*PROBLEM TO SOLVE*
Nothing in the records should be changed in the copy, though the pictures must be left out.

*MATERIAL SUPPLIED*
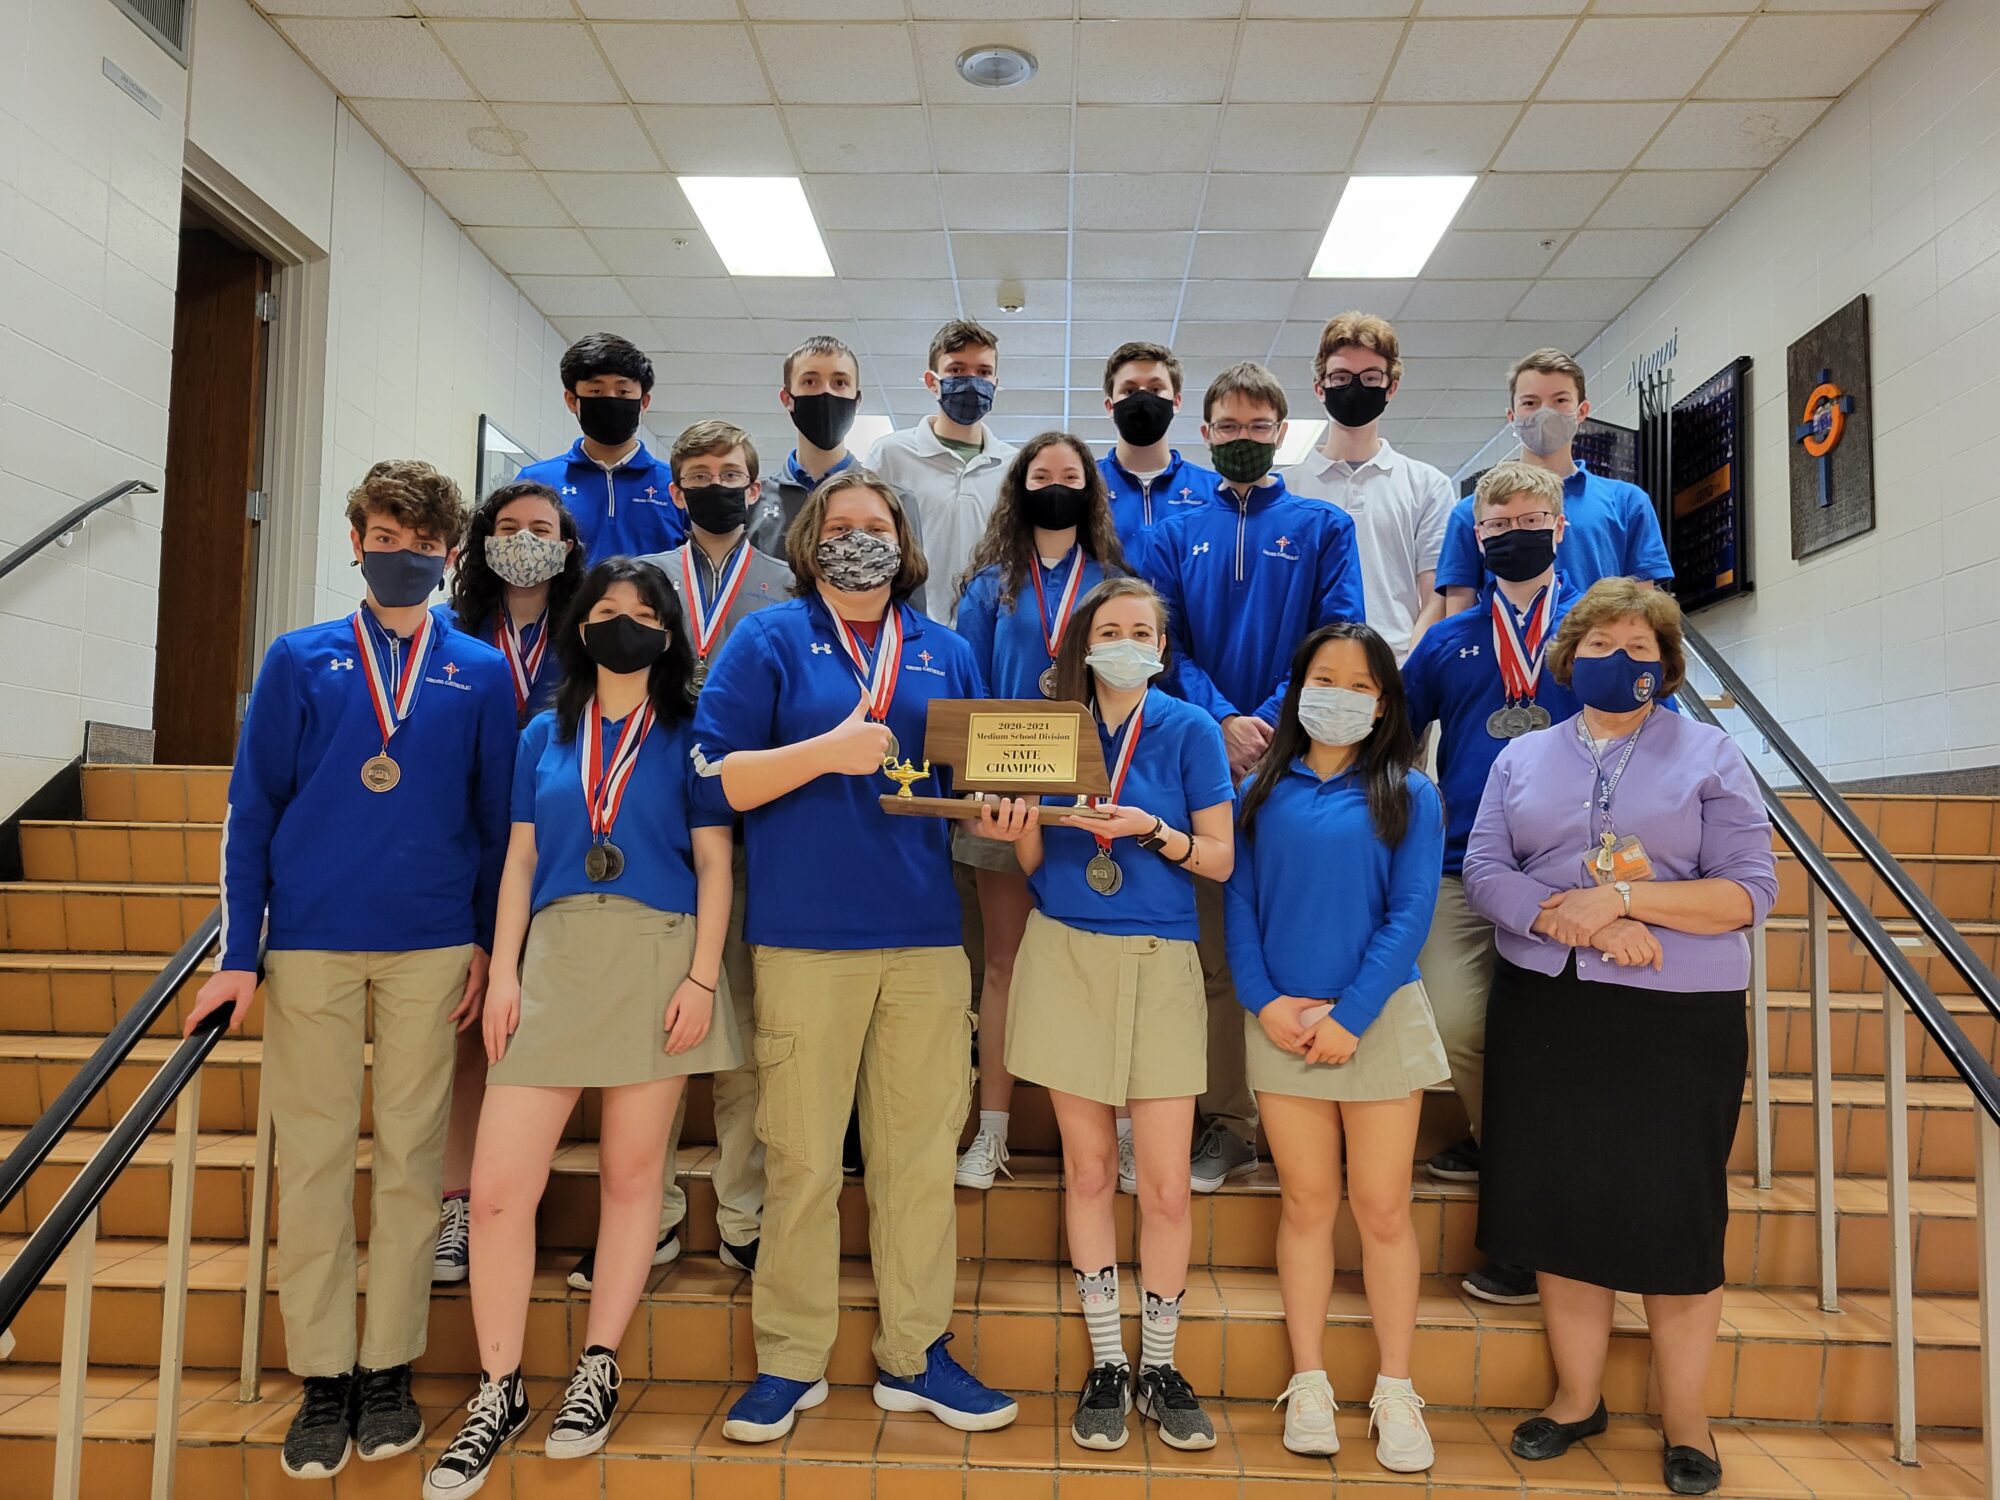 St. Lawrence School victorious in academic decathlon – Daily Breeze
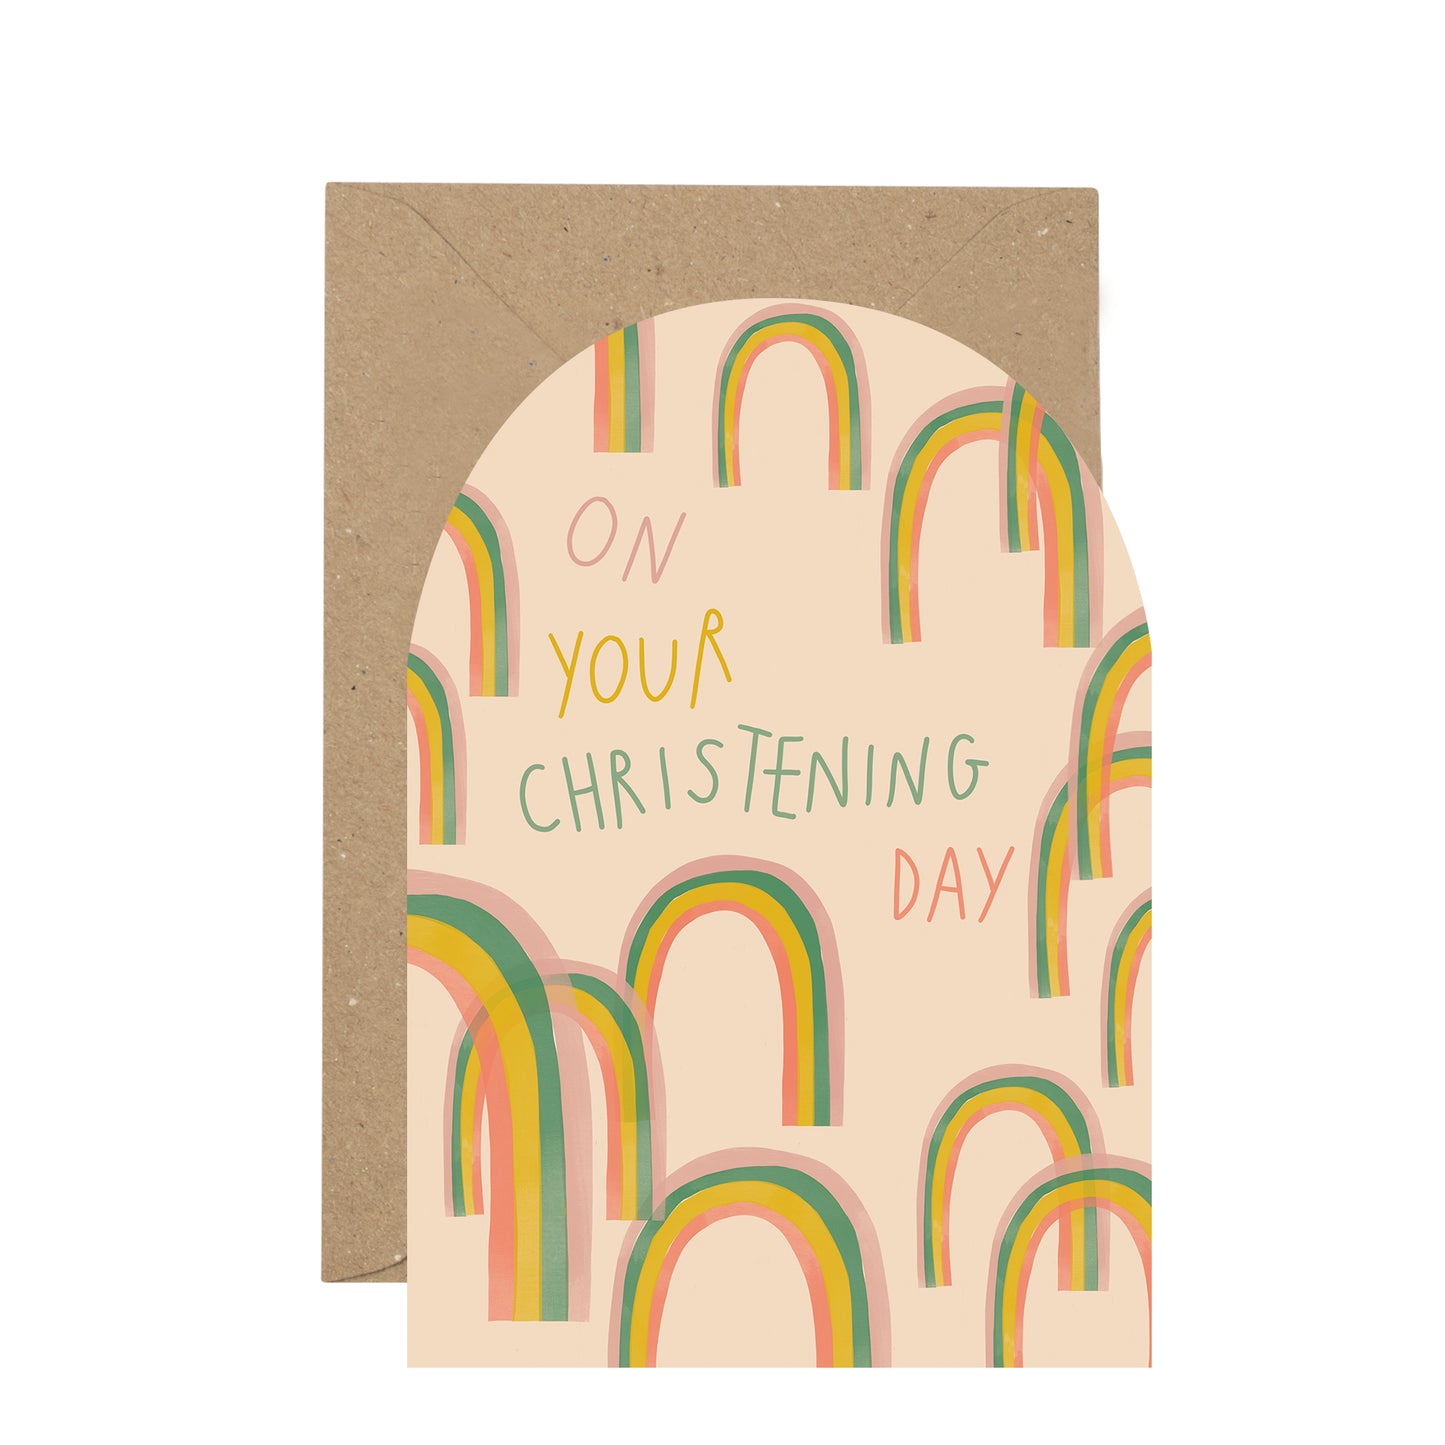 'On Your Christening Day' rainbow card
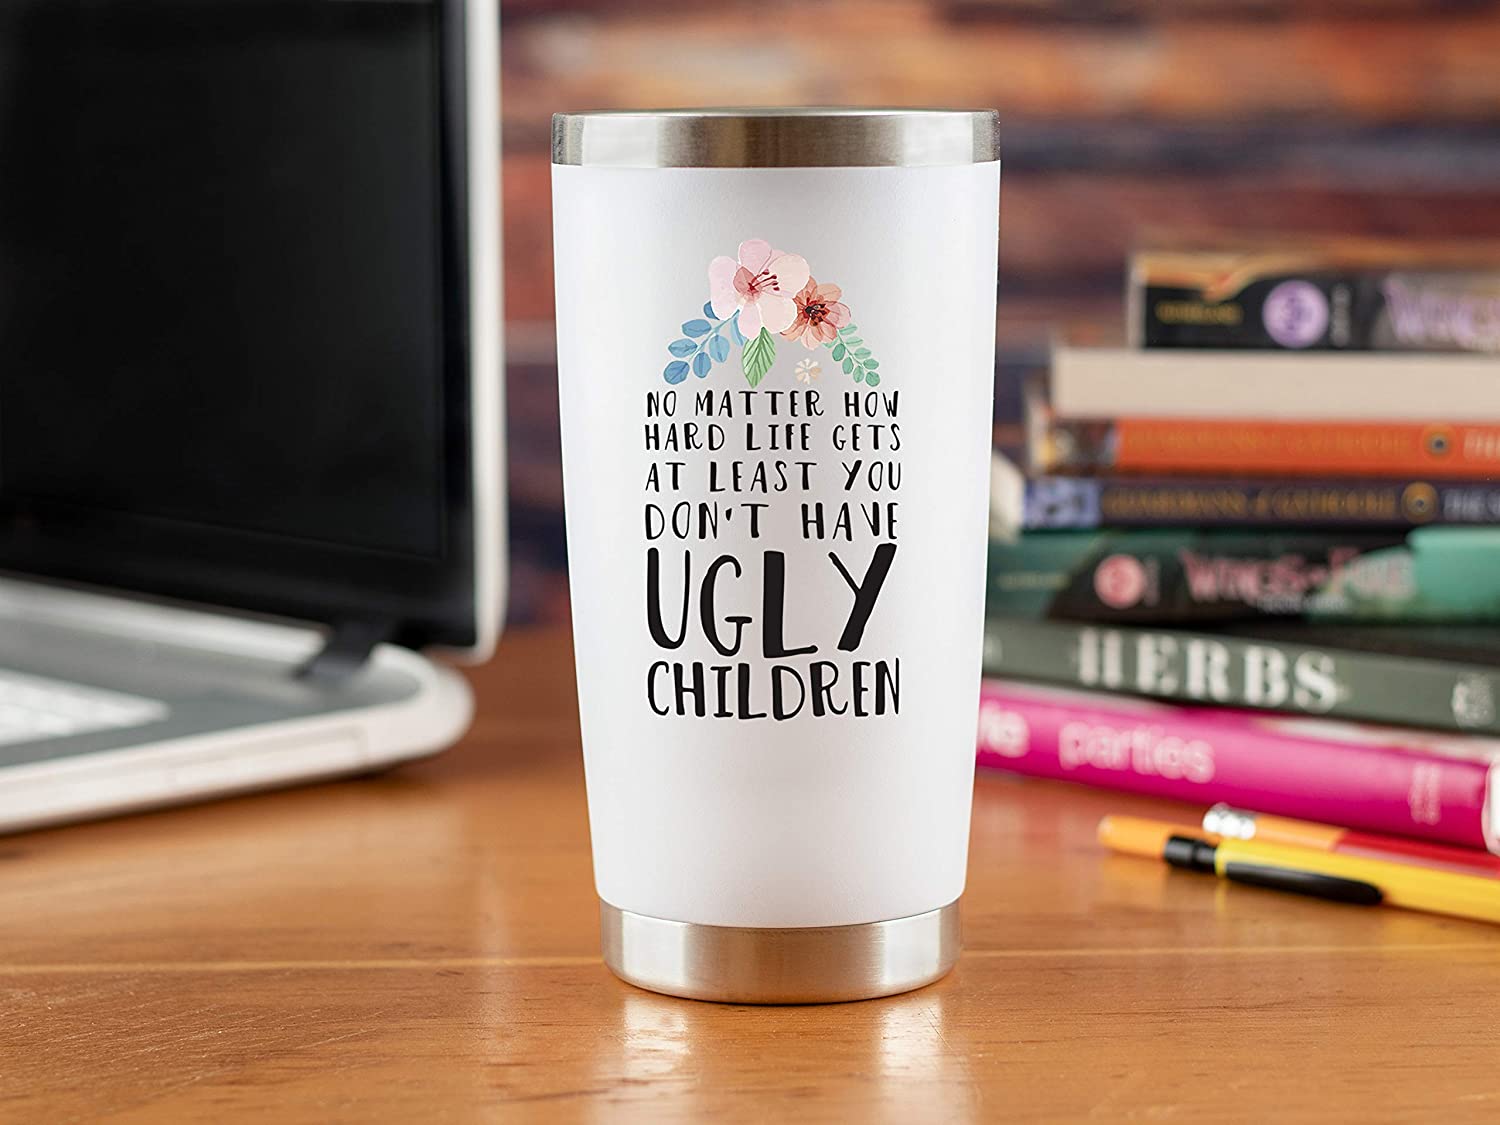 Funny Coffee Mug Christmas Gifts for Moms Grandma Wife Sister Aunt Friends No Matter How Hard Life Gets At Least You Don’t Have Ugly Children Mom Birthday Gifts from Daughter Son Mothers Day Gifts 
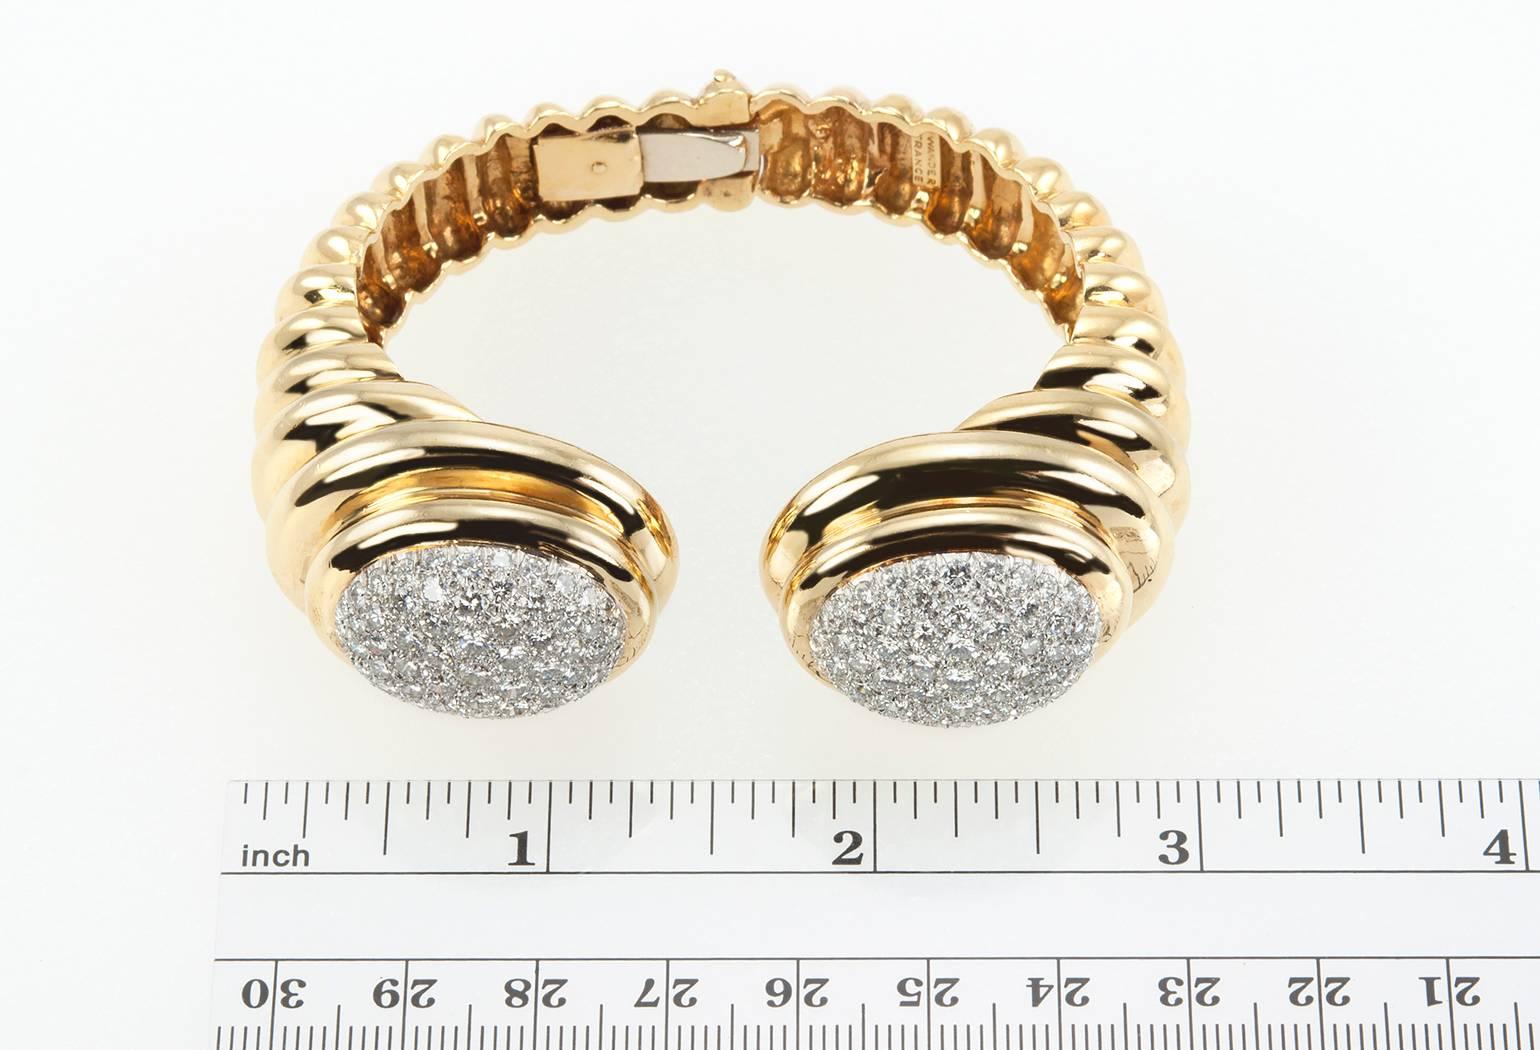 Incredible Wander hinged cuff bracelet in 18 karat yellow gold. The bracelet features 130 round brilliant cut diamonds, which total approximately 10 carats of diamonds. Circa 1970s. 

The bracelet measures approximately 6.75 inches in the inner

*RESPONSE BELOW*
 St. Lawrence School victorious in academic decathlon – Daily Breeze
 'On Your Christening Day' rainbow card
 Funny Coffee Mug Christmas Gifts for Moms Grandma Wife Sister Aunt Friends No Matter How Hard Life Gets At Least You Don’t Have Ugly Children Mom Birthday Gifts from Daughter Son Mothers Day Gifts 
 Incredible Wander hinged cuff bracelet in 18 karat yellow gold. The bracelet features 130 round brilliant cut diamonds, which total approximately 10 carats of diamonds. Circa 1970s. 

The bracelet measures approximately 6.75 inches in the inner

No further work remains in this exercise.